It does seem just a little odd that Wallis’s ostensible concern with abortion would align him with a man who is openly pro-abortion, even partial birth abortion. In God’s Politics, Wallis has an axe to grind with the so-called Religious Right. As I have been writing in this series on the New Evangelical Left, if the Religious Right had its problems (and it did), the New Evangelical Left certainly has its share of them as well, not least of which is its return to the notions of the old Social Gospel. As “new” as Wallis, McLaren, and the Emergent church movement tribe wants their movement to sound, there really is nothing new under the sun. Their cries for “social justice,” peace, love, and harmony sounds like the Woodstock debacle at Max Yasgur’s farm. One source describes Woodstock this way: “[I]the had little to do with love or peace and quite a bit to do with money.”[1] Let me give you a quote and see if you can see any parallels.
Woodrow Wilson picked up on progressivism following Theodore Roosevelt. As America became a burgeoning society, life was good. Even Leon Trotsky, who lived in New York City, wrote in 1917, “We rented an apartment in a workers’ district, and furnished it on the installment plan. That apartment, at $18 a month, was equipped with all sorts of conveniences that we Europeans were quite unused to: electric lights, gas cooking-range, bath, telephone, automatic service-elevator, and even a chute for garbage.”[2] Thus, economically America was making headway. So much so that even capitalism’s antagonists couldn’t help but notice.

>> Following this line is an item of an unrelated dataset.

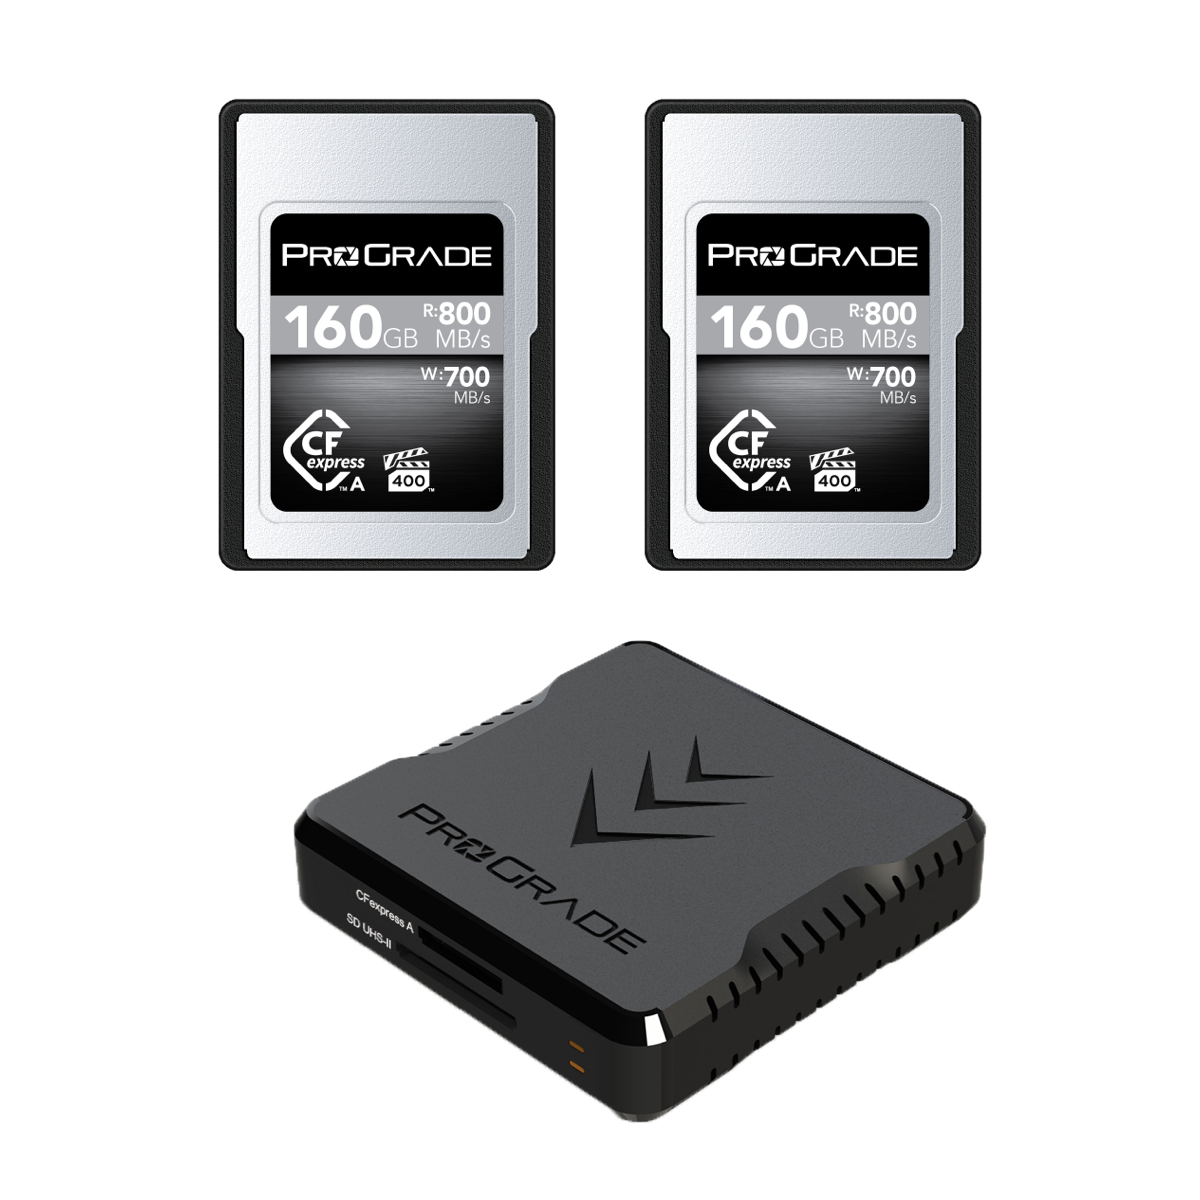 CFexpress Type A & Memory Card Reader Bundles | ProGrade Digital

In 1892, John Muir and Robert Underwood Johnson joined forces to form the Sierra Club. The influence of Germany and radical German conservationists that would later profoundly impact the Third Reich found its way across the Atlantic Ocean. The Sierra Club borrowed from some of the late nineteenth century German writers on the environment. Wilson’s era also witnessed the advent of what we would call “social engineering” today.
Wilson himself was a Darwinist. It was also around this time that Margaret Sanger, the founder of Planned Parenthood, burst onto the scene with her feminism, policies concerning birth control, and eugenics. Sanger was a socialist and a racist. She particularly disliked Jews and Italians. To her mind, marriage was a “degenerate institution: and she also endorsed political assassination. Sanger is renowned for her words, “The most merciful thing a large family could do to a new baby was to kill it.”[3] Sanger truly put the “suffer” in suffrage.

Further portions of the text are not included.